Please transcribe the listing below in full, exactly as written, leaving out its pictures.

**Supplied information:**

#####

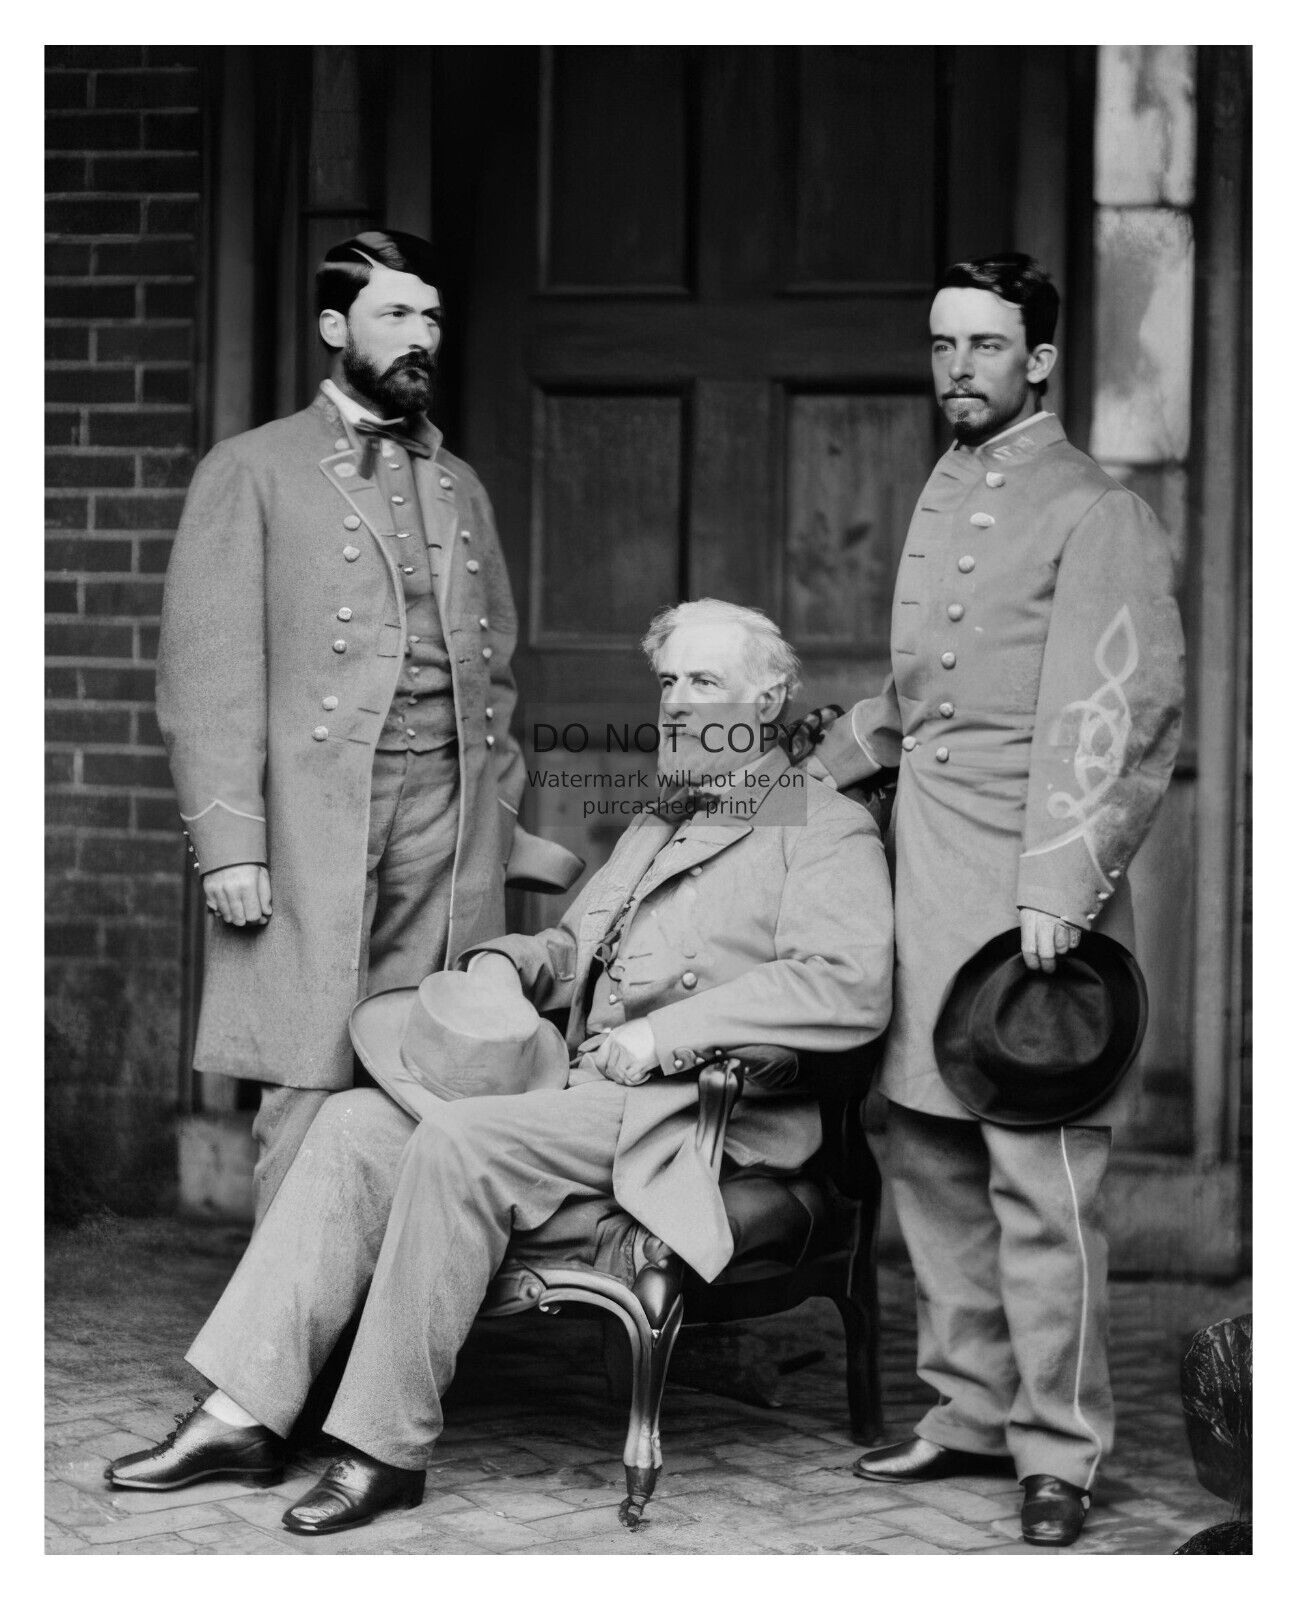 ROBERT E. LEE CONFEDERATE CIVIL WAR GENERAL WITH HIS SONS 1865 8X10 B&W PHOTO
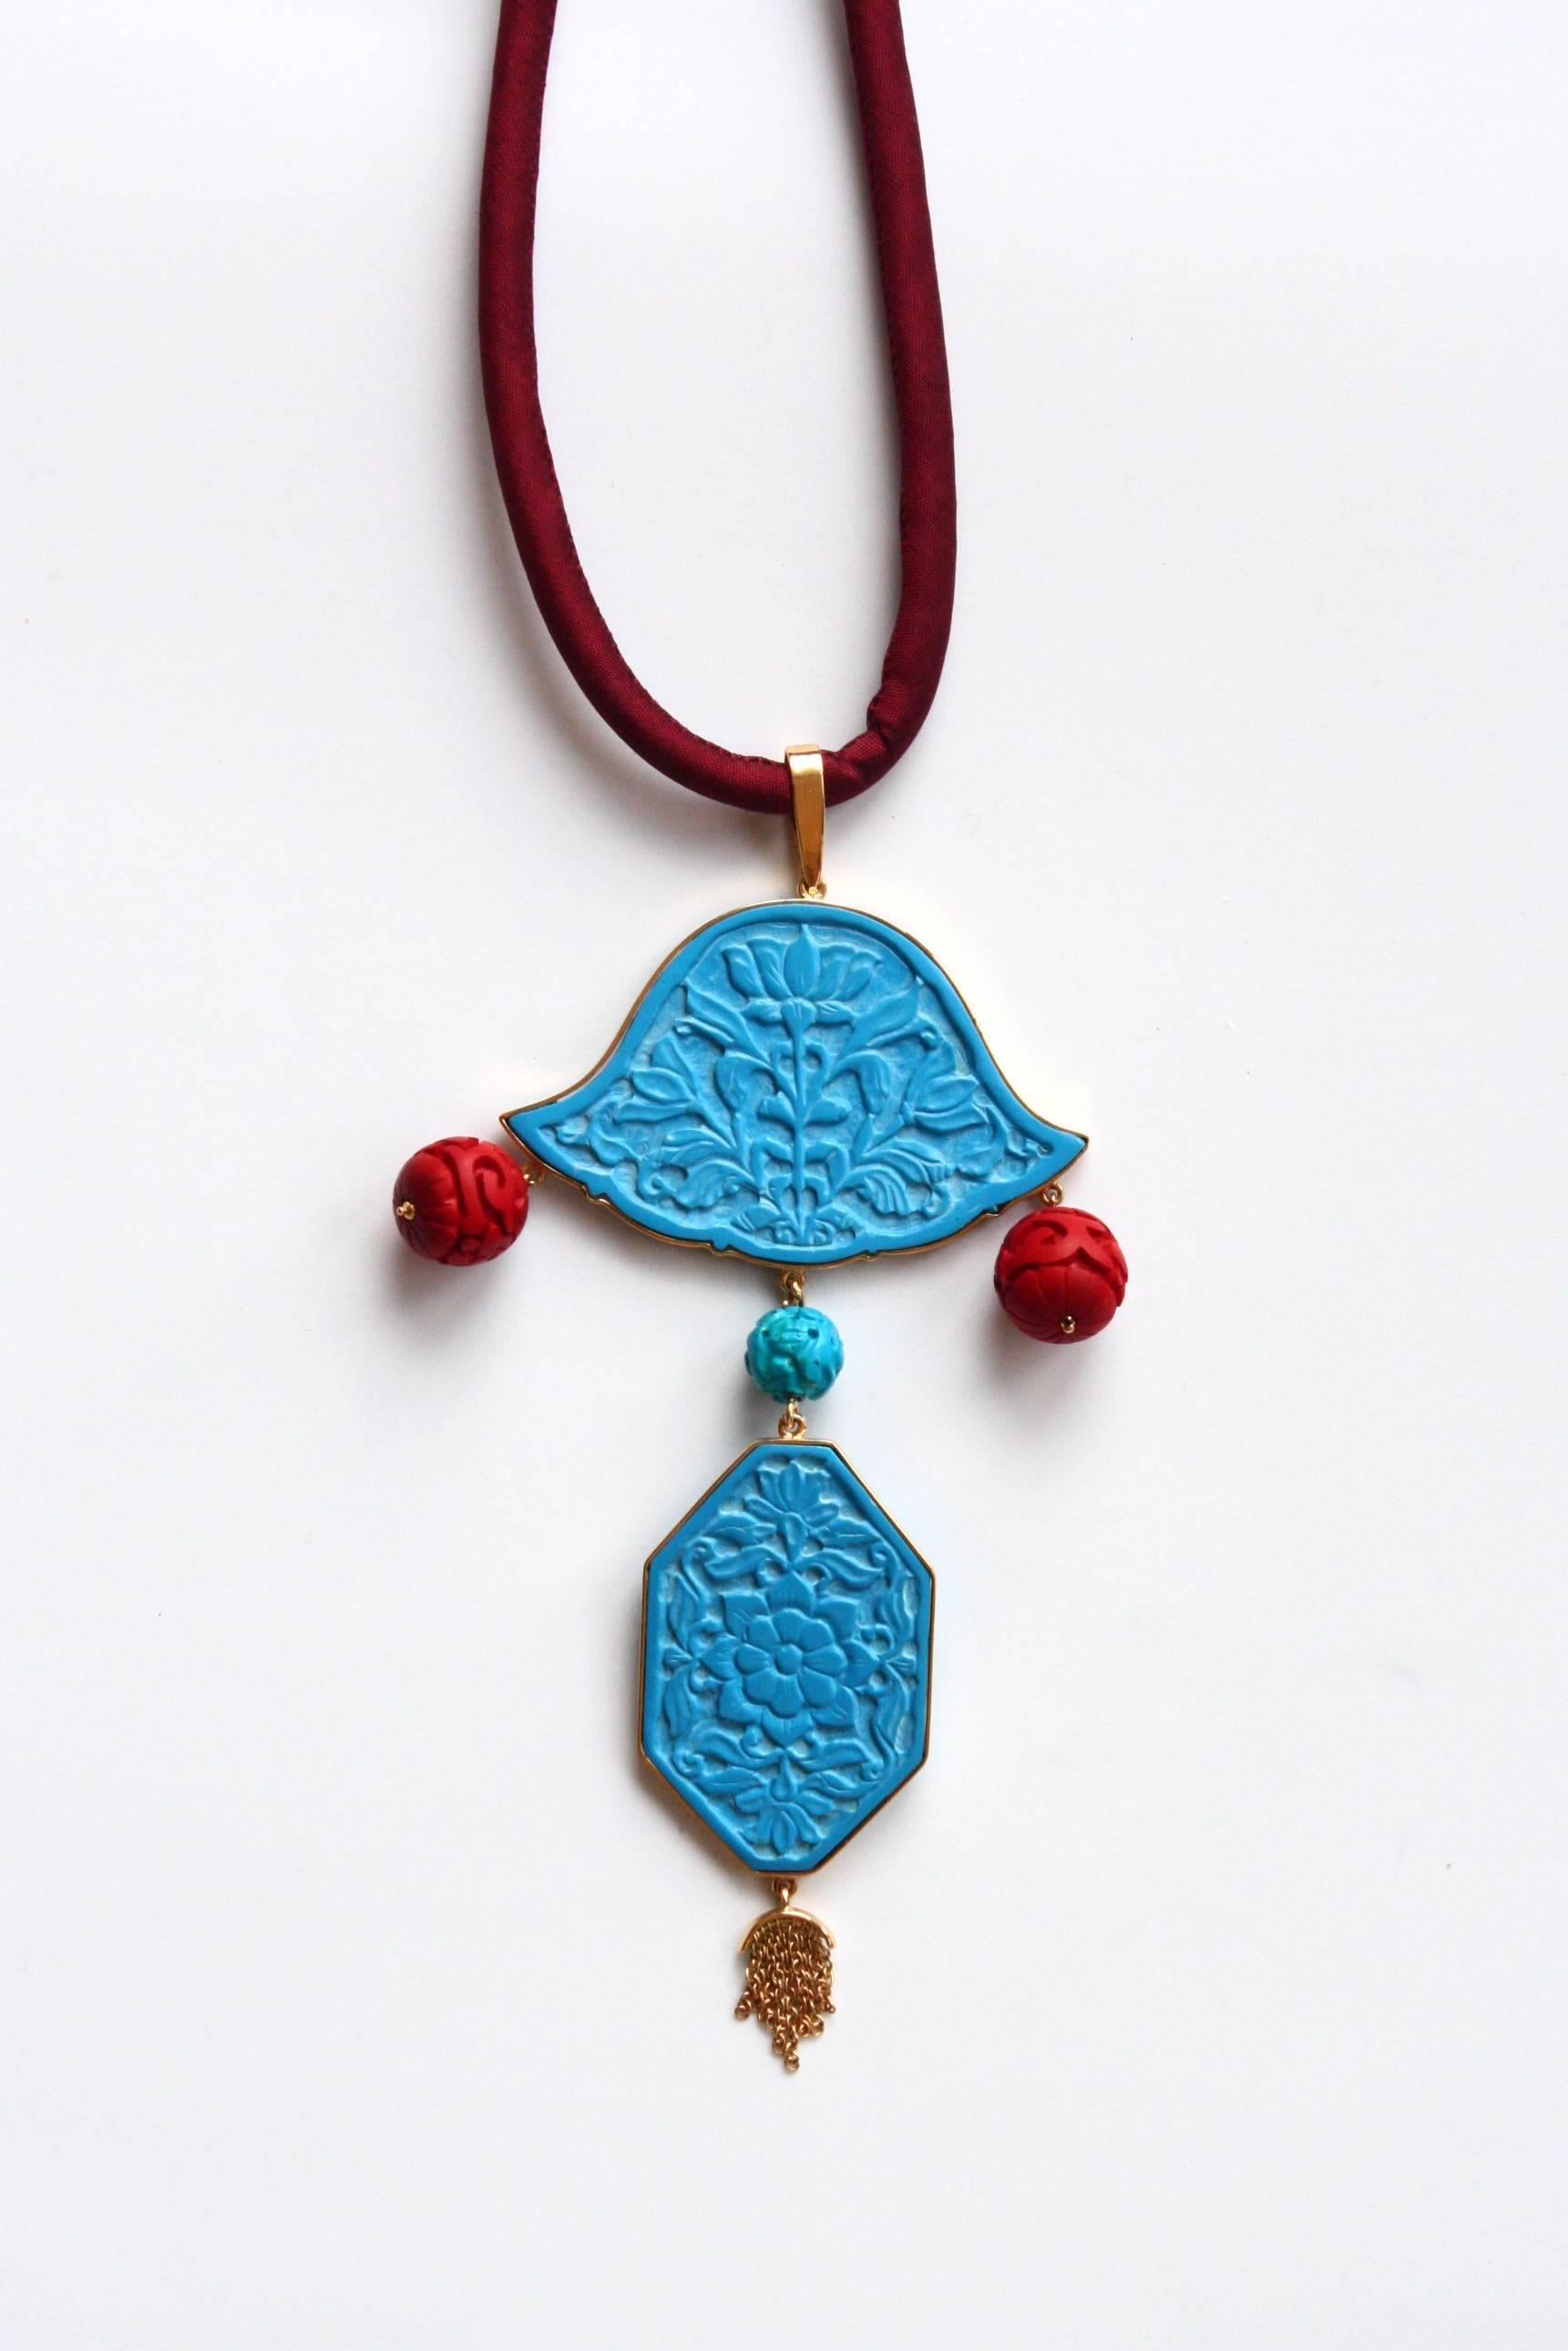 Antiques Indian Turquoise plaques Gold 18,40 gr, Chinese laquer. Total lenght 15cm.
All jewelry is new and has never been previously owned or worn. Each item will arrive at your door beautifully gift wrapped in our boxes, put inside an elegant pouch
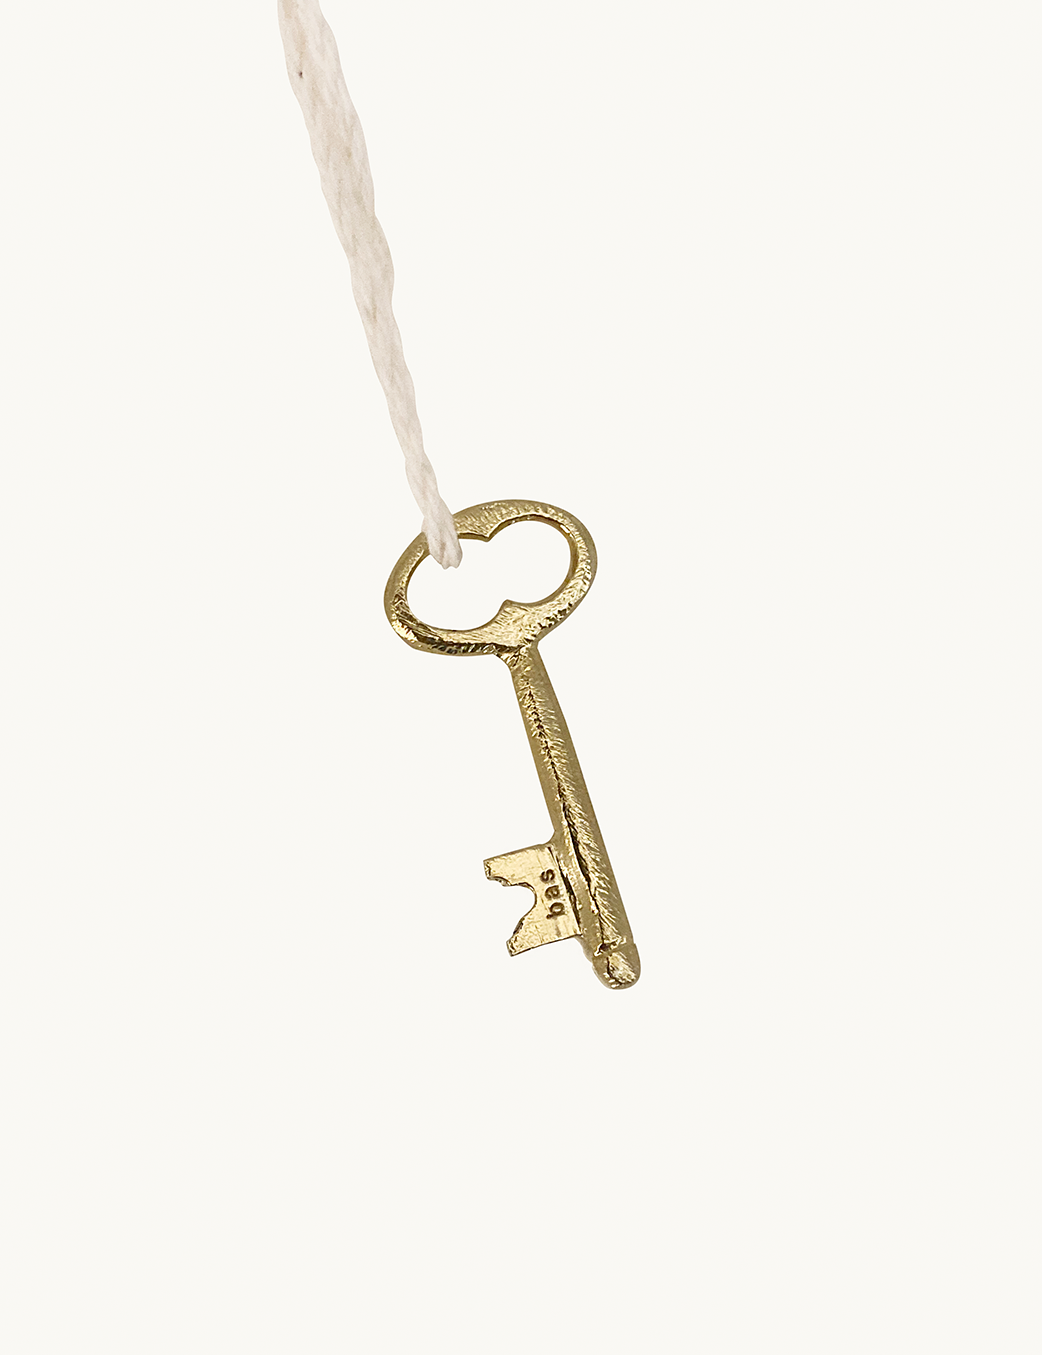 Your Key

#####

**Output for this exercise:**
 ROBERT E. LEE CONFEDERATE CIVIL WAR GENERAL WITH HIS SONS 1865 8X10 B&W PHOTO
 Antiques Indian Turquoise plaques Gold 18,40 gr, Chinese laquer. Total lenght 15cm.
All jewelry is new and has never been previously owned or worn. Each item will arrive at your door beautifully gift wrapped in our boxes, put inside an elegant pouch
 Your Key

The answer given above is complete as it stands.